Interaction flow

GriMoire does not have one unified ingress pipeline. It has two — voice and text — that converge only at the tool runtime and HIE layers.

User input

Voice or text

→

Ingress (channel-specific)

Voice path

WebRTC realtime session

Text path

HTTP SSE completions

→

Shared tool dispatch

Both paths converge here

→

Store + blocks

Zustand state

→

HIE feedback

Context → model

The convergence rule

Ingress differs by channel — voice uses WebRTC, text uses HTTP streaming
Execution converges at tool dispatch — both paths call handleFunctionCall
Context returns through HIE — block tracking, visual injection, interaction normalization

Both paths share the same system prompt, tool registry, runtime handlers, block store, and HIE singleton. But they do not share routing logic, history ownership, or orchestration depth.

Text path

The text path has more client-side orchestration than the voice path because the HTTP completions API is stateless — the client must handle routing, history, and multi-step planning that the realtime model manages server-side. It runs when voice is not connected.

User types message

→

Turn creation + HIE grounding

Visual state injected before model call

→

History sanitized

Prepare conversation for model

→

Pre-model routing (sequential)

Compound workflow?

Multi-step plan via fast model

Forced override?

From visible blocks

First-turn routing?

Intent classifier

→

Tool loop

SSE stream → tool calls → shared dispatch

→

Block push + HIE feedback

Turn creation and grounding

When the user types a message:

The system creates a new turn and decides whether to inherit the current thread or start a new root turn — based on visible blocks, reference titles, reset phrases, and contextual follow-up patterns.
The HIE injects the current visual state as a reminder before the model is queried.

This means typed requests are explicitly grounded in current UI state before any model call happens.

Pre-model checks

Before the model sees the message, the text path runs three sequential checks. If any check handles the request, later checks are skipped.

Compound workflow planning

The fast model analyzes the message for multi-step intents expressed in a single sentence. If a compound plan is accepted, the normal tool loop is skipped entirely and the workflow steps run directly. This is text-path-only — voice does not pre-plan compound workflows.

9 workflow families are supported:

Workflow	Steps
Search + recap	Search → recap visible results
Search + recap + email	Search → recap → compose email
Search + recap + Teams chat	Search → recap → share to Teams chat
Search + recap + Teams channel	Search → recap → post to Teams channel
Search + summarize document	Search → read and summarize top result
Search + summarize + email	Search → summarize → compose email
Find person + email	Find person → compose email to them
Search emails + summarize	Search mailbox → summarize best match
Recap + reply all	Recap visible content → reply all to mail discussion

Each workflow executes step by step with a progress tracker block showing real-time status.
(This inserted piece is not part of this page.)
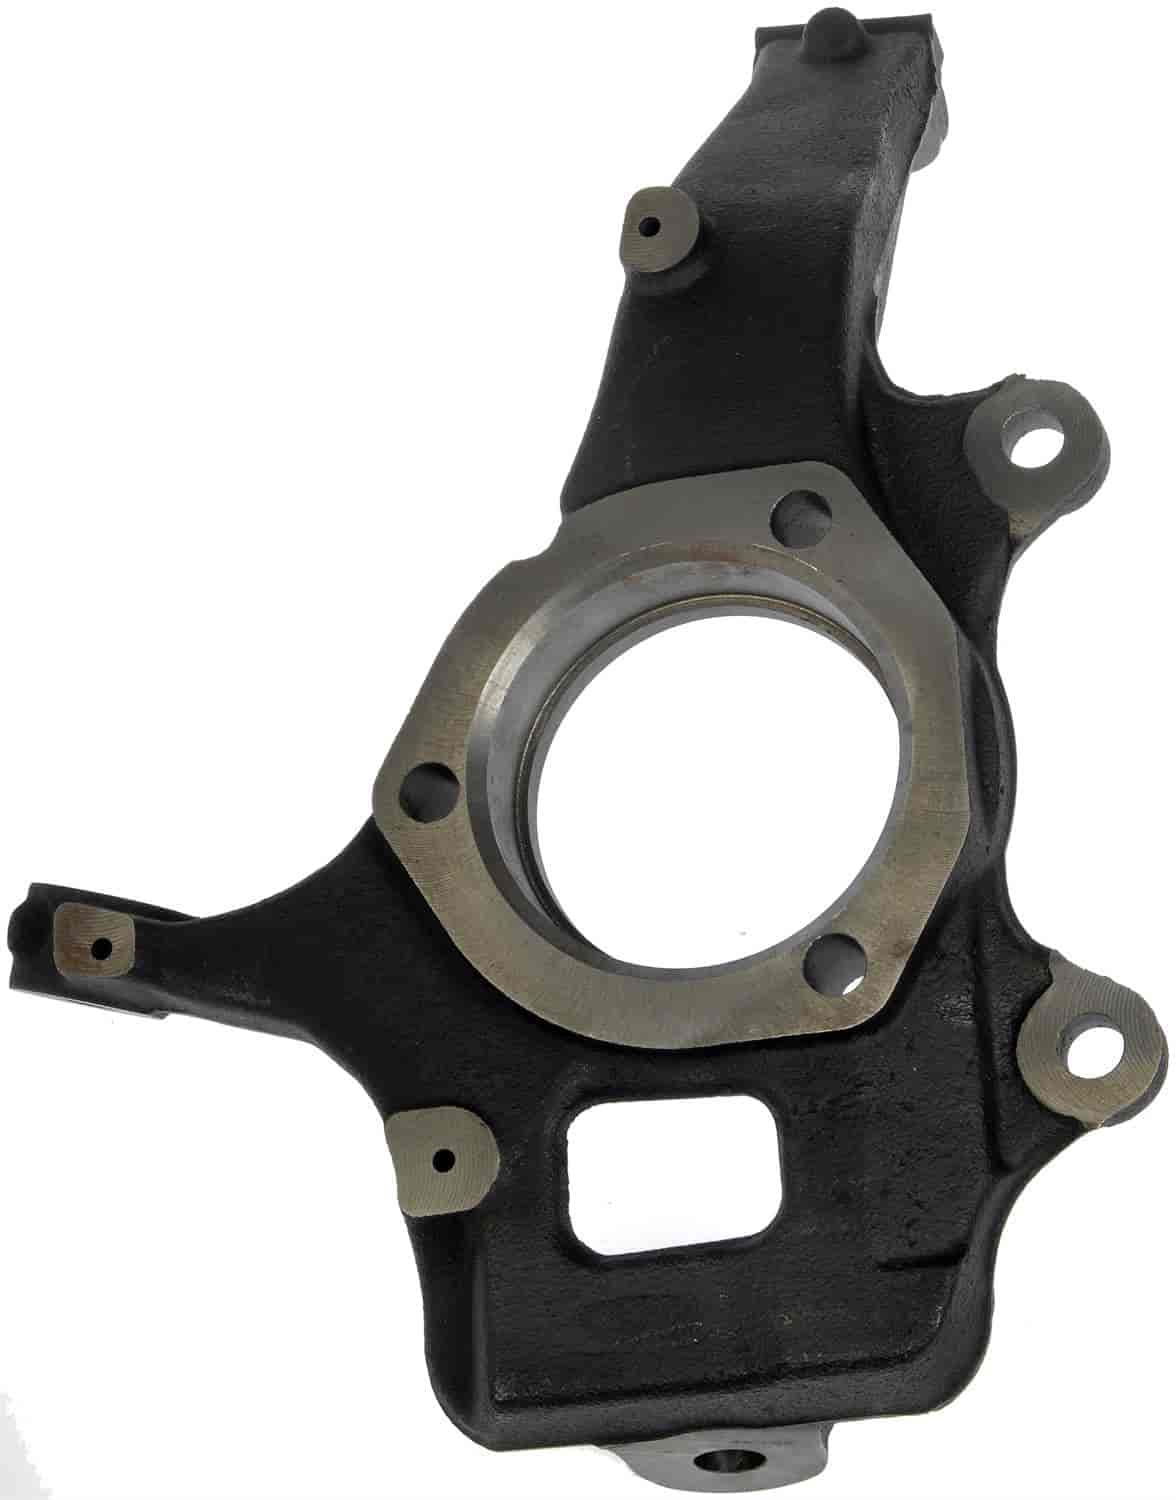 Steering Knuckle 1997-2004 Ford F-150, Navigator, Expedition 4WD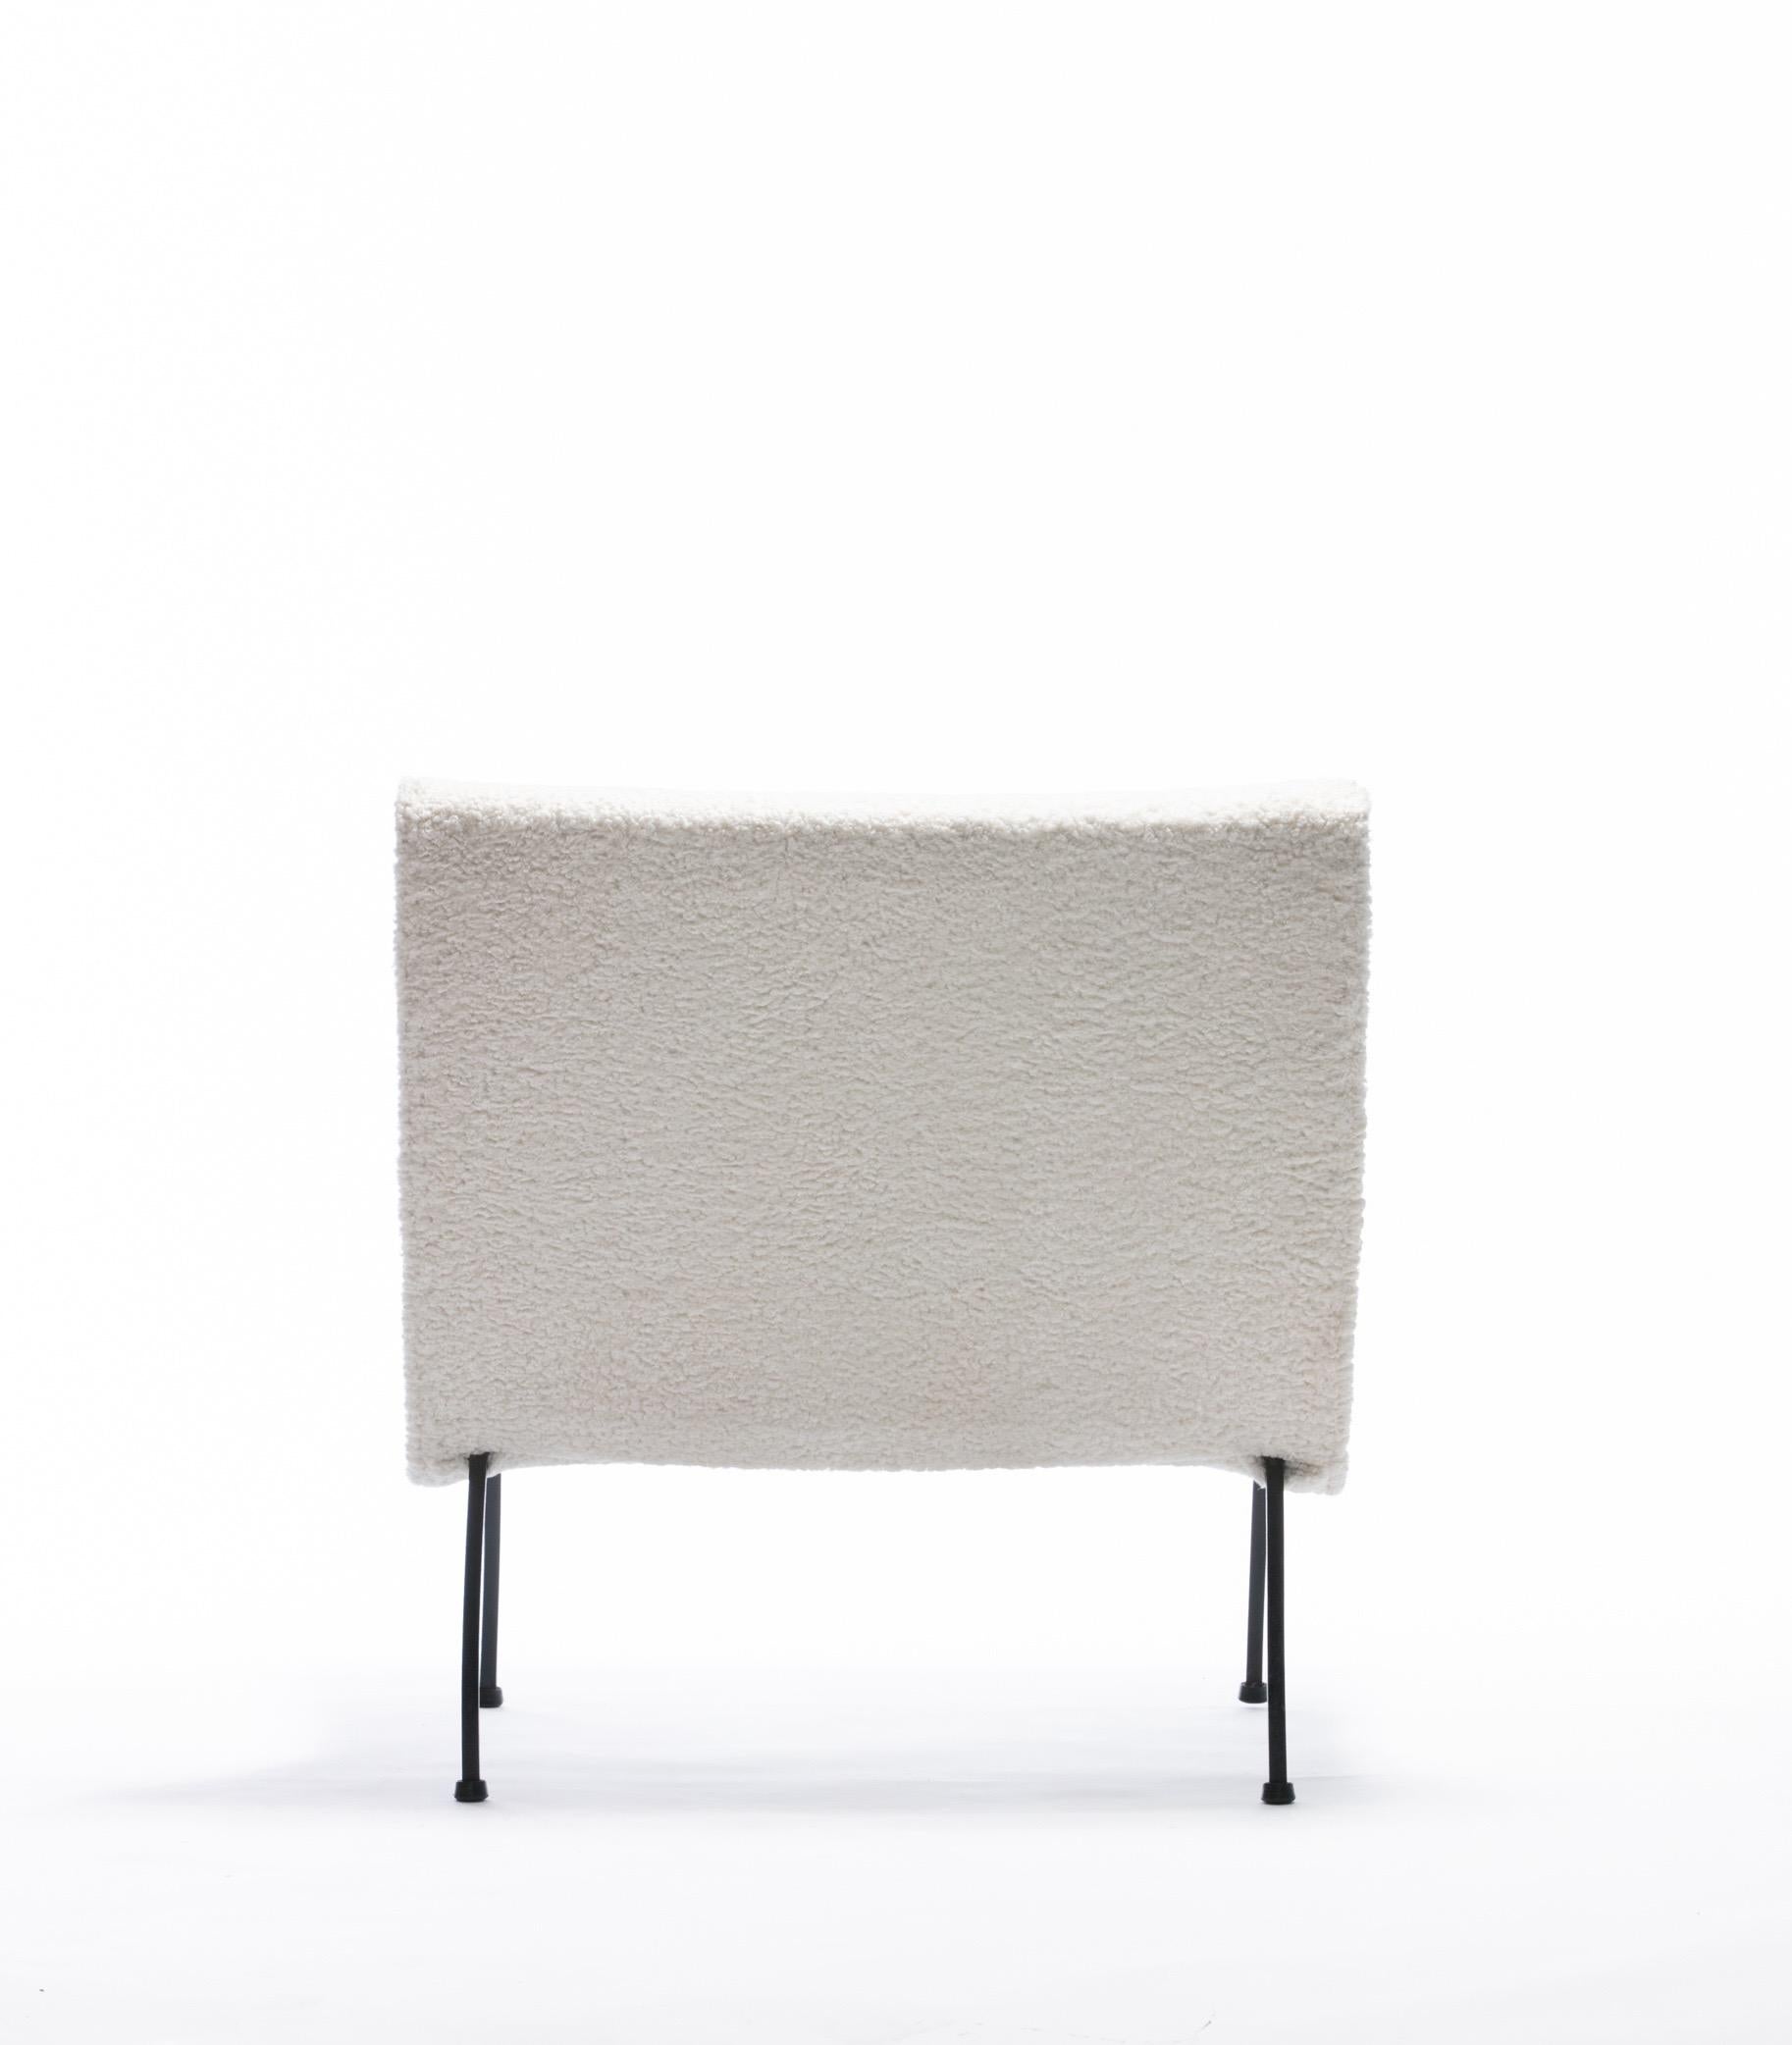 American Ivory Shearling Milo Baughman Scoop Chair with Iron Legs, Circa 1950s

The system auto-selects the best result based on hints (first, top, best, latest) and stops gracefully when user choice is needed or results are empty.

Forced contextual overrides

If no compound workflow was selected, the text path may override the first tool call using visible UI context:

User says	Override tool	Condition
"summarize document 3"	`read_file_content`	Numbered result visible
"open the first one"	`show_file_details`	Result block visible
"send this by email"	`show_compose_form`	Actionable block visible
"browse this library"	`browse_document_library`	Site/library context visible

This override layer is built from currently visible blocks and HIE-compatible references.

First-turn routing

If the conversation is on its first real user turn — no prior user/assistant/tool history — a classifier may force a specific tool such as search_sharepoint, search_people, search_emails, or research_public_web. The fast path uses the fast model; the fallback uses heuristics.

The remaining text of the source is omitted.